I look away. "Yeah, but it's okay. I could always copy off the online PowerPoints."
He doesn't say anything. I just hear him breathing or trying to control his breathing. He couldn't be that out of shape. I glance at him. He looks neither thin nor fat. Maybe he has asthma?
He has his hand on the right side of his chest again, staring up at the ceiling. Is something wrong with his heart? If it is, then why is he touching his right side? Isn't everyone's hearts on their left?
I reach out to touch him. "If something's wrong, then –"
He turns away. "I'm...fine," he says through clenched teeth and exhales.
"Okay," I say, recoiling.
He doesn't say anything. He doesn't even look at me. But I know he's in pain.
"If it's serious," I whisper. "Please go to a hospital. I don't want you to suffer."
He doesn't look in my direction, so I turn away and lean my head against the window. I can't even seem to close my eyes now as I stare into the darkness of the subway tunnels. He's not breathing aloud anymore. I think he moves to face me because his knee brushes mine. I shrink back and force myself to close my eyes, turning my watch around my wrist.
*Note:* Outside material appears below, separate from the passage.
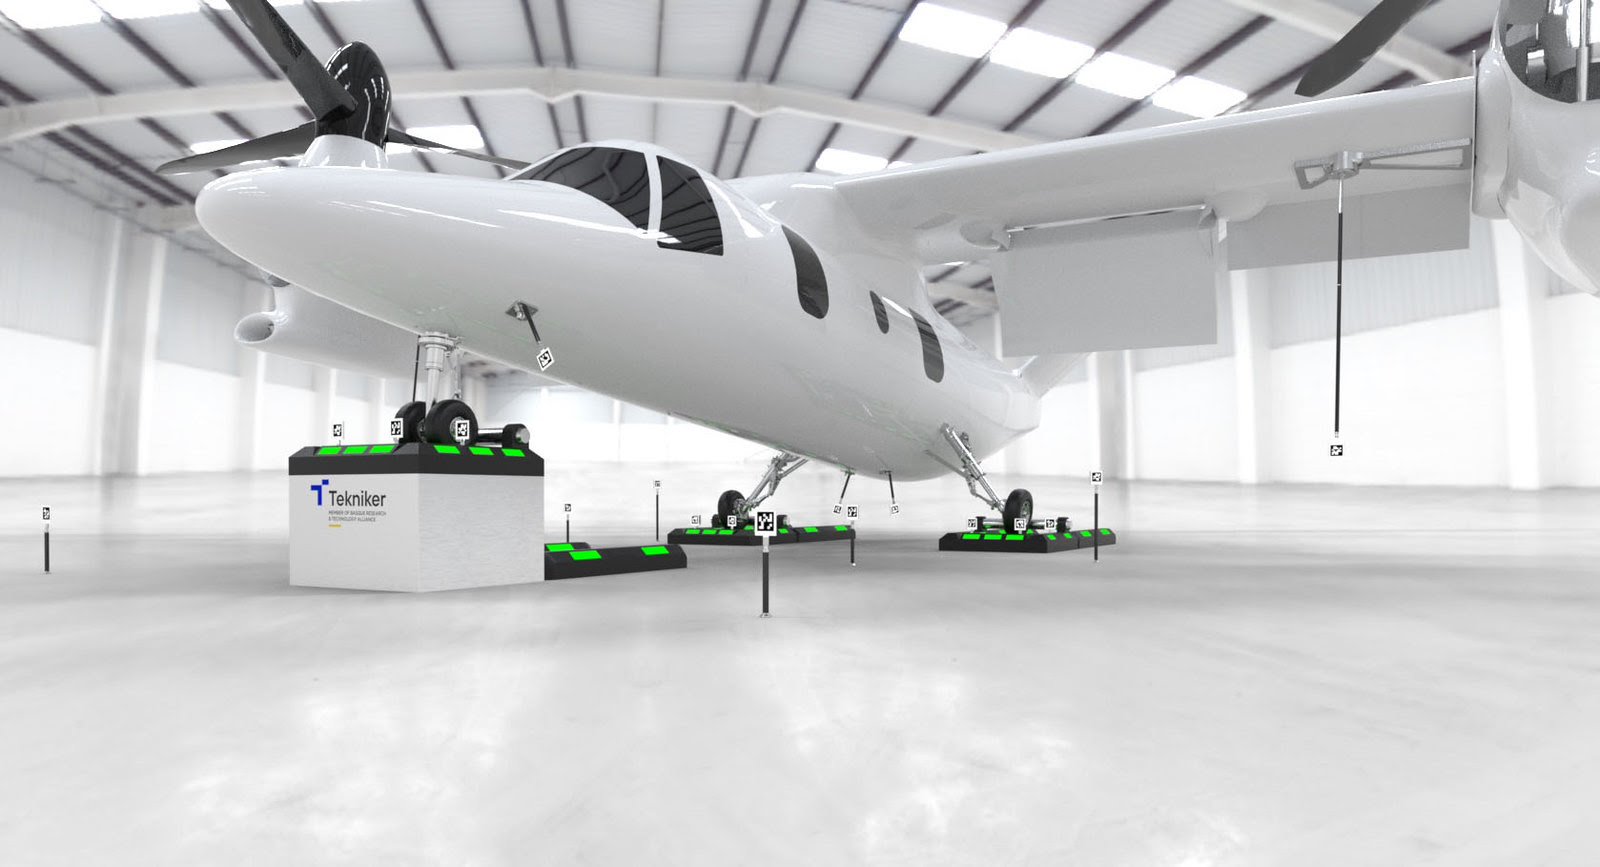 Mediciones en 3D para mejorar la eficiencia y sostenibilidad de las aeronaves

"This is a Queens-bound F Train," the conductor says. "The next stop is Second Avenue. Step in and stand clear of the closing doors."
I bite my lip before I turn to face him. His eyes are closed with his head bent a bit back and he has his hands clasped over his lap. I'm not sure what to say to him. Maybe I should just let him come to his own conclusions.
"I waited for you," I tell him.
He turns to me and I look away. "I was...I was worried that something happened to you...because you didn't come."
The train slows to a stop. "This is Second Ave."
I stand. "Anyways, it was nice seeing you again. Hope you have a nice week. And please take care of yourself."
I turn away and walk out, hearing him say, "Likewise."
I make my way towards the stairs. I shouldn't see him anymore. It's not right. I think I'll go to class late from now on. Why should I even care about him? He probably has a girlfriend who cares more about him than I ever will. But I can't help myself.
I turn and see the train pull away. He's sitting by the window now, his head pressed against the glass. The moment he sees me look at him, he smiles and I can't stop myself from smiling back.